Life was good. But then something happened – Big Data happened! It completely changed how the merchant and the customer would interact. Forever.

Cut to the digital era, the customers and the merchant have now started interacting in a dynamic setting where nothing is frozen anymore. There is no so called ‘performance period’. The customers are free to navigate the merchant website any which way they fancy. Also, the merchant can display content and place offers dynamically based on how a given customer interacts with his website. To make matters more complicated purchase decisions are not necessarily made on the first visit itself. Internet savvy customers now have all the information at their fingertips to land themselves the best deal. They typically go through the AIDA (Attention-Interest-Desire-Action) journey when contemplating a purchase. In this scenario, the customer’s site navigation on the day of the purchase is mere execution of a decision that has been made even before the customer lands on the site – the customer has been on the site before; the customer is aware of what is on offer; the customer knows exactly how to get to the page on the site where they can choose the product they desire. In fact, the pages visited on the day of the purchase are often not causal to the purchase, just simply correlated.

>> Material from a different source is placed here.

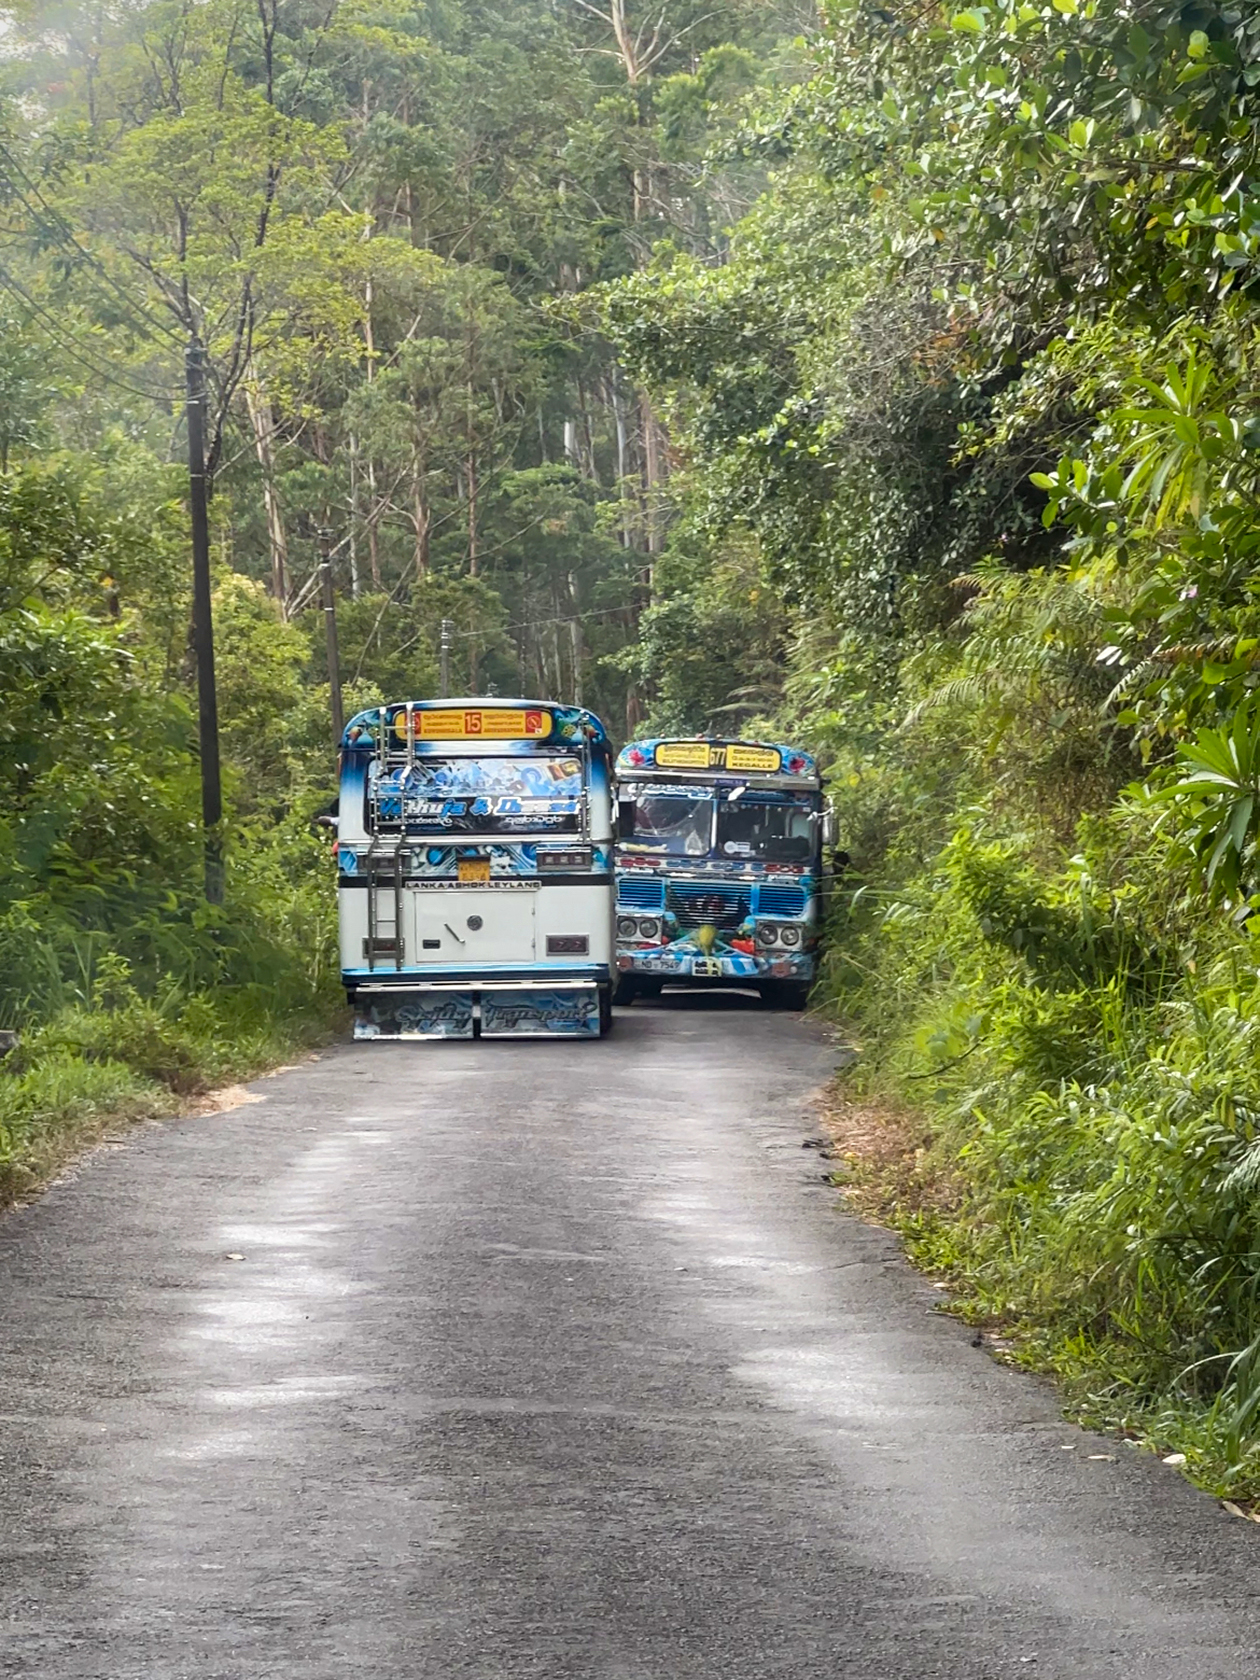 На Шри⁠-⁠Ланке некоторые дороги очень узкие, иногда двум автобусам на них не разъехаться. Мы часто попадали из⁠-⁠за этого в пробку и ждали, пока водители найдут выход из ситуации

So why am I subjecting you to this drivel?

The point I am trying to simply make is that in the new world the focus has dramatically shifted from prediction to classification. The selling and buying is now all happening in a real-time environment where the two players are interacting with each other, and repeatedly. The merchant has the leverage to influence the customer’s behavior through customized offers based on behavioral segmentation and contextual targeting. In essence, the dependent variable here is really immaterial. All the merchant wants to understand is ‘who the customer’ is and that will determine what offer to place. On a more technical note, since the customers are now visiting the merchant’s site several times the independence of each record ceases to exist – a mortal blow to the much beloved logistic regression. And then fall Caesar? Enter Machine Learning.

All of a sudden the whole world of analytics is now talking about Support Vector Machines, Random Forests, Bagged Regressions et al. – everything is about classification; everything is about adaptively learning and self-evolving algorithms that augment the understanding of the customer with every successive digital footprint.

This makes sense. This is all good. But let us spare a moment to think what this has entailed for the analytics job market.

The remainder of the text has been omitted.